Hardy v. Southern Pacific Employees Association

459 P.2d 743 | Ariz. Ct. App. | 1969

10 Ariz. App. 464 (1969)
459 P.2d 743

Albert D. HARDY and Madelyn Hardy, husband and wife, Appellants and Cross-Appellees,
v.
SOUTHERN PACIFIC EMPLOYEES ASSOCIATION, Inc., a California corporation; Kenneth C. Baker and Jane Doe Baker, husband and wife, Appellees and Cross-Appellants.

No. 2 CA-CIV 608.

Court of Appeals of Arizona. Division 2.

October 20, 1969.
Rehearing Denied November 18, 1969.
Review Denied January 13, 1970.

*465 Spaid, Fish, Briney & Duffield, by Richard Briney, Tucson, for appellants and cross-appellees.

Lesher & Scruggs, by Robert O. Lesher, Tucson, for appellees and cross-appellants.

HATHAWAY, Judge.

The Hardys brought suit against Kenneth C. Baker, M.D., a specialist in dermatology, and his employer, Southern Pacific Employees Hospital Association, for damages allegedly resulting from medical malpractice. A jury verdict in the sum of $45,000 was returned in favor of the plaintiffs and judgment was entered thereon. The trial court denied the defendants' motion for judgment notwithstanding the verdict, but granted their alternative motion for a new trial. The Hardys ask that we reverse the judgment and order granting a new trial and reinstate the judgment on the verdict. Appellees have cross-appealed questioning the sufficiency of the evidence to take the case to the jury.

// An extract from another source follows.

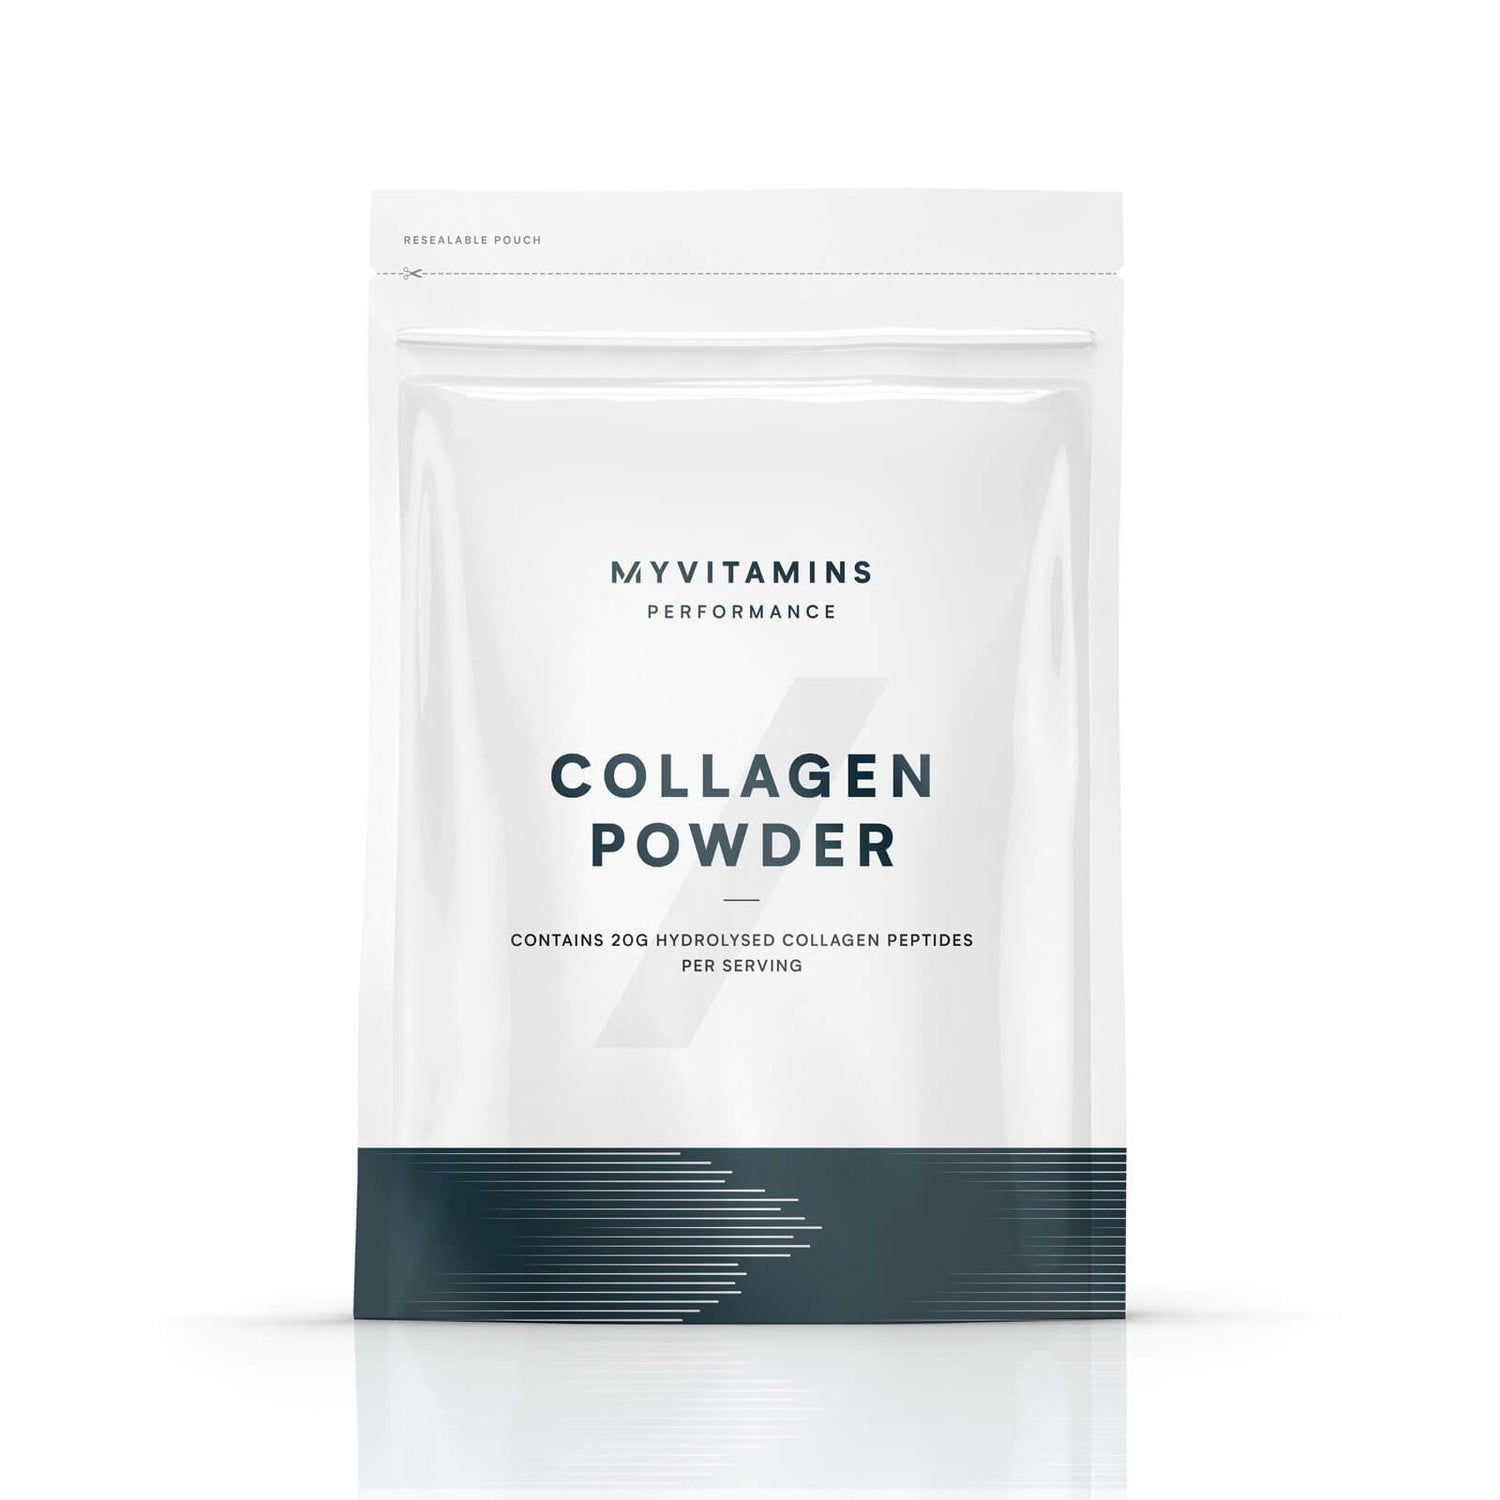 Collagen Powder - 250g - Unflavoured

In January, 1964, while on the job as a maintenance-of-way employee of the Southern Pacific Company, Albert Hardy spilled some creosote on his lower lip. A lesion developed on the lip and in the course of *466 treatment he was on July 25, 1964, referred to Dr. Baker "to rule out carcinoma (cancer)." Hardy received medical treatment from Dr. Baker for approximately 14 months and made some 34 office visits to him during that time. Dr. Baker applied various agents to the patient's lip, including dry ice, alcohol and x-ray. The lesion did not respond to the treatment, but became worse. Hardy testified that he was "always in pain," and that near the first of May, 1965, the lesion "* * * had grown, it was bigger, and on the inside of my lip there had developed a lump on the inside of my lip * * * it was about the same length as the size of the sore. And it was, you could feel it, because it was against your teeth." A biopsy was performed by Dr. Baker during September, 1965, approximately 14 months after the plaintiff was referred to him. This biopsy indicated the existence of cancer on the plaintiff's lower left lip, which was removed by Dr. Nattinger that same month. On October 11, 1966, another biopsy by Dr. Nattinger was done, and further surgery to eliminate the cancer was performed on November 15, 1966.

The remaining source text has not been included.